In einer Gesellschaft, wo Produkte nicht mehr als das offeriert und beworben werden, was sie sind oder sein sollen, sondern immer als oder mit ‘mehr’ (mehr als eine Krawatte, mehr als ein Waschmittel, mehr als ein Tampon etc.), lernt man, dass das Eigentliche nicht genug ist. Es darf nicht ein Park sein, es muss ein Erlebnispark sein. Es darf nicht ein Brot oder Gebäck sein, es muss aussergewöhnliches Extraprodukt sein, obwohl es ordinär alltäglich und gewöhnlich ist (und tonnenweise ‘entsorgt’ wird).

Im Politischen gab und gibt es diese Haltung in allen Lagern. Die Faschisten wurden berühmt mir ihrer maskierenden Eufemistensprache (organisieren für stehlen, sonderbehandeln für foltern und töten etc.). Die Kommunisten verstanden es, in ihrer Newspeak die elementaren Begriffe von Freiheit, Würde und Menschlichkeit umzudrehen. Der Dauergebrauch von Pleonasmen (‘Volksdemokratie’) stumpfte ab und verlangte nach immer neuen Steigerungen und abstrusen Verbindungen.

Heute, in der Zuspitzung der Kapitalismuskrise, regiert eine Newspeak, die an die früheren Diktaturen erinnert oder gemahnt: Krieg ist Frieden und Sklaverei Freiheit. Und Starmania Kreativität im Erlebnispark. Folterungen sind strenge Verhöre, ganz ähnlich wie damals bei den Nazis und Faschisten in Spanien oder Italien oder den nachzaristischen, kommunistischen Schergen in der UdSSR.

Humankapital schreckt niemanden. Dieser Terminus ist noch nicht politisch inkorrekt. Obwohl die Geschichte vom Menschenmaterial, das gebraucht und verbraucht wird, alt ist. Lange vor den Nazis oder den GULAG-Betreibern. Man hat es vergessen. Würde man sich von der Übersetzung des Terminus human capital einen Begriff machen, man scheute ihn oder gäbe andernfalls zynisch zu erkennen, dass man Ausbeuter, Scherge, Vernichter ist.

Das müsste besonders jetzt einleuchten, wo die Stars der Börsenmanegen bewiesen haben, wie kriminell sie sind, nicht nur persönlich, sondern systematisch. Sie vergeuden nicht nur Geld, sondern vernichten auch Menschenmaterial, human capital. Und spekulieren mit dem Tod. Eine neue Kriegsform in Friedenszeiten. Friedenskriege als humane Interventionen.

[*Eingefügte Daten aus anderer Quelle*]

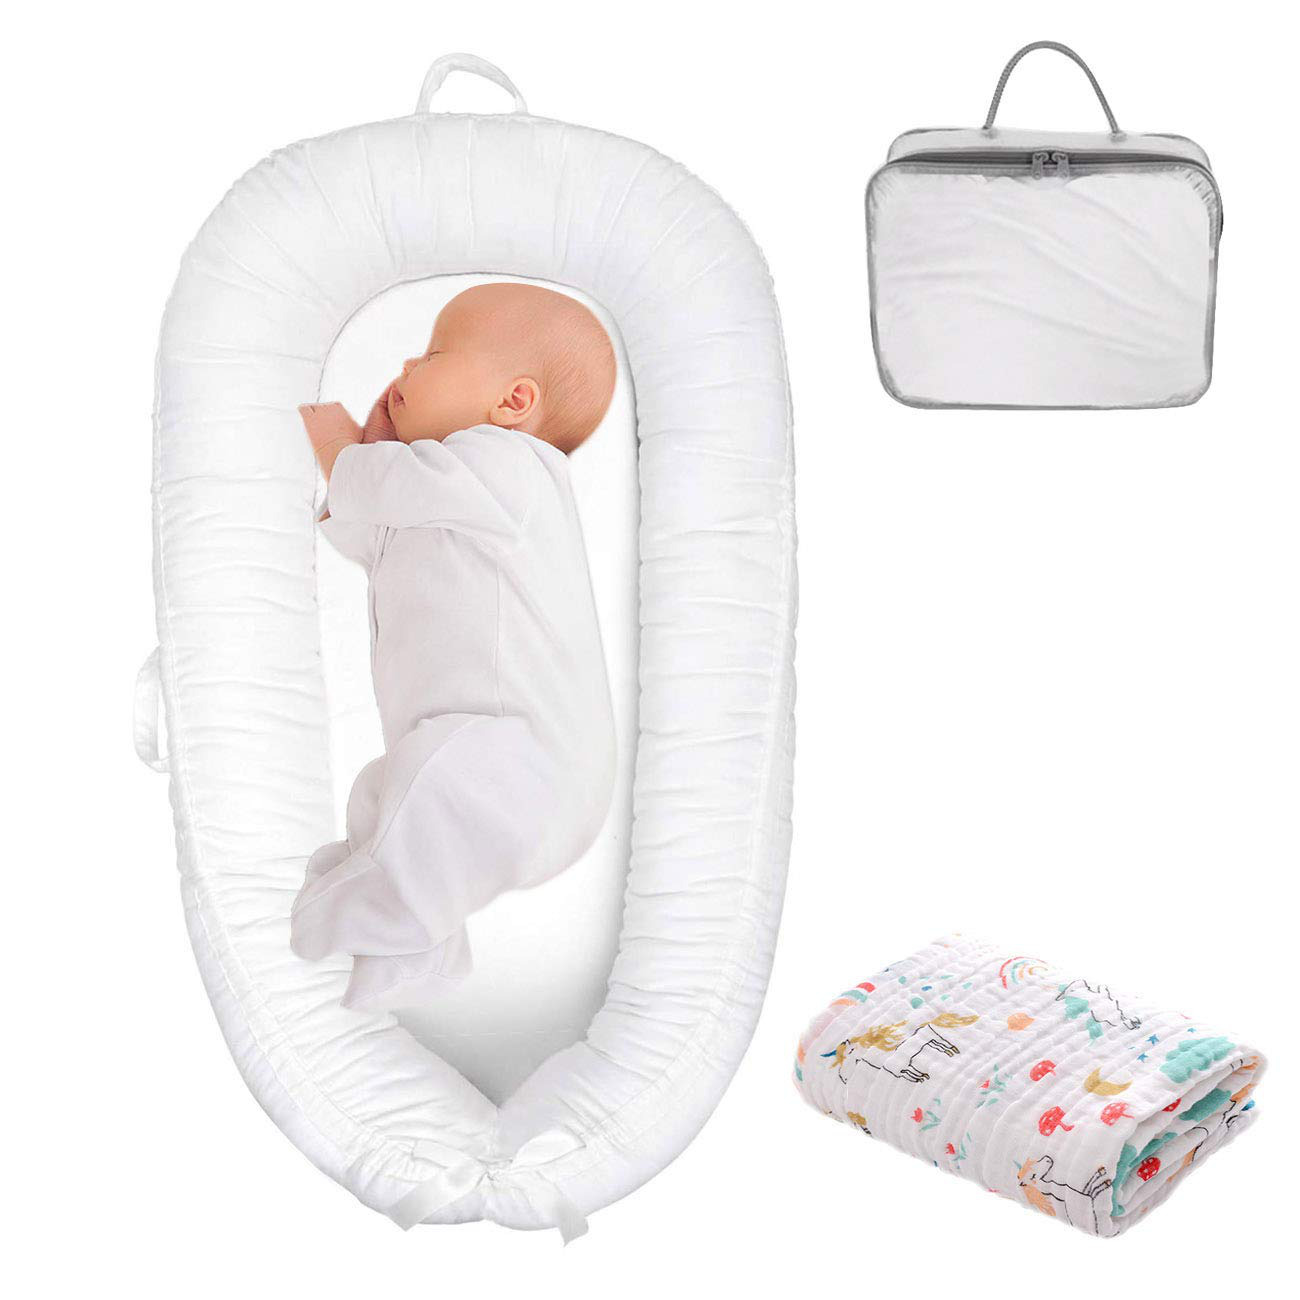 Houseyuan Baby Bassinet Baby Lounger Co-sleeping Baby Bed Cotton Portable Crib B

Das formulierte schon Karl Kraus überaus scharf, aber der wird von den Starlets nicht gelesen. Der ist zu alt. Und selbsthassender, jüdischer Antisemit dazu. Typischer Österreicher. Da warten viele auf eine lange Nacht der Wissenschaft oder Literatur oder sonst einen Monsterzirkus, um Kultur en masse konsumieren zu können, weil nur im breit inszenierten event, wie im riesigen Stadion, in der Gladiatorenlandschaft, der Mehrwert sich einzustellen scheint. Starmania Omnibus.